Grażyna Wojcieszko (born 14 September 1957 in Bydgoszcz, Poland) is a Polish poet, author of collections: W oczekiwaniu (Estrella, 2000), Karuzela (Księgarnia Akademicka, 2005), Les abattoirs de Bruxelles (Księgarnia Akademicka, 2008) and Sen o Tramwaju (Księgarnia Akademicka, 2012). The collection Les abattoirs de Bruxelles qualified for the Silesius 2008, a Polish Poetry Award; the collection was translated into French by Alain van Crugten, and published in 2011; poems were also translated into Swedish by Jurek Hirschberg and published in SueciaPolonia.

The poet took part in several international poetry festivals such as Polish days at Saint Gilles in Brussels, Belgium (2011), and Poetry Spring in Luxembourg (2012), Poetry Night in Chojnice, Poland (2011), 15th anniversary of the 'Artistic Literary Studies’ at the Jagiellonian University, Cracow, Poland (2009), 5th and 6th edition of the Bydgoszcz Literary Triangle, Bydgoszcz, Poland (2007, 2008).

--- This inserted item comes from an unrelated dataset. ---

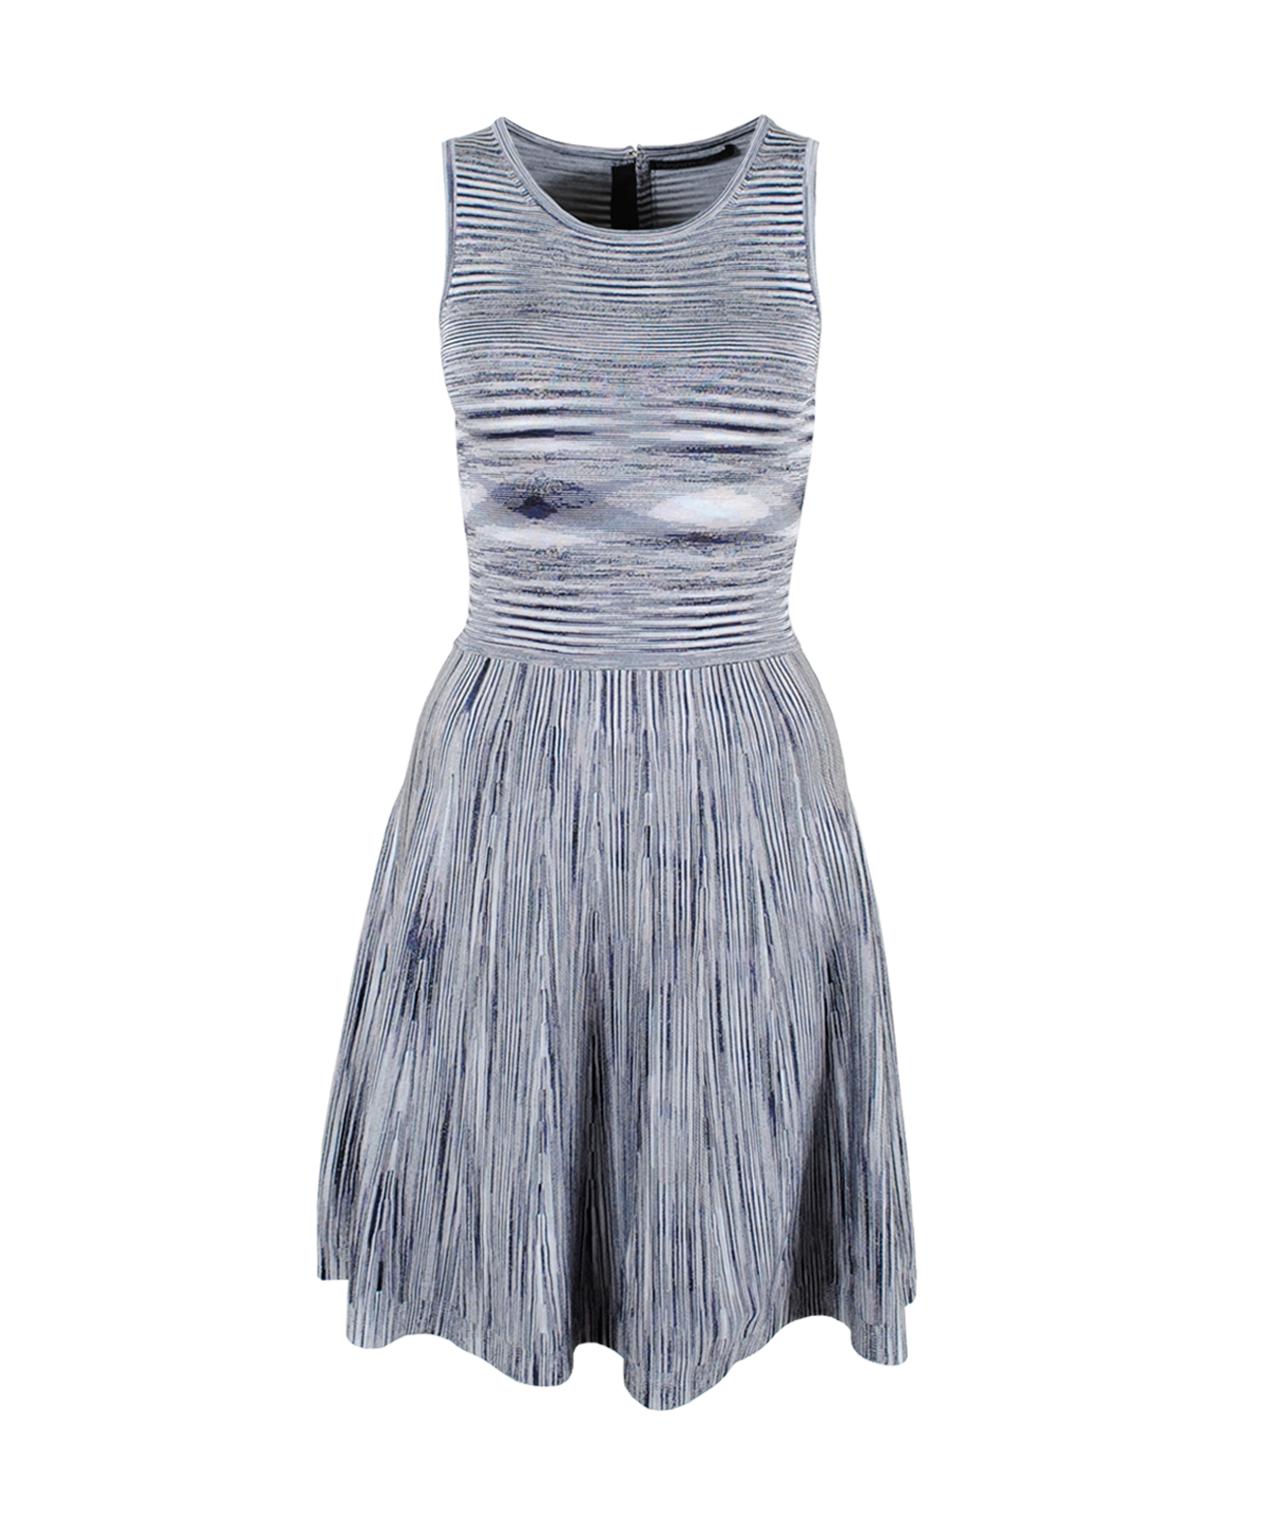 Kleid Strickoptik A-Form - PNG Kleid

She created with the musician Adam Prucnal a poetry event, a mix of music and poetry, which they are performing all over the world.

University diplomas 
2005 Jagiellonian University Cracow, Poland, Faculty of Polish Studies, (Artistic Literary Studies); 1987 University Paris 6, France, (Artificial Intelligence);  1985 University Paris 11, France (Computer Science), 1981 Academy of Technology and Agriculture, Bydgoszcz, Poland (Telecommunication).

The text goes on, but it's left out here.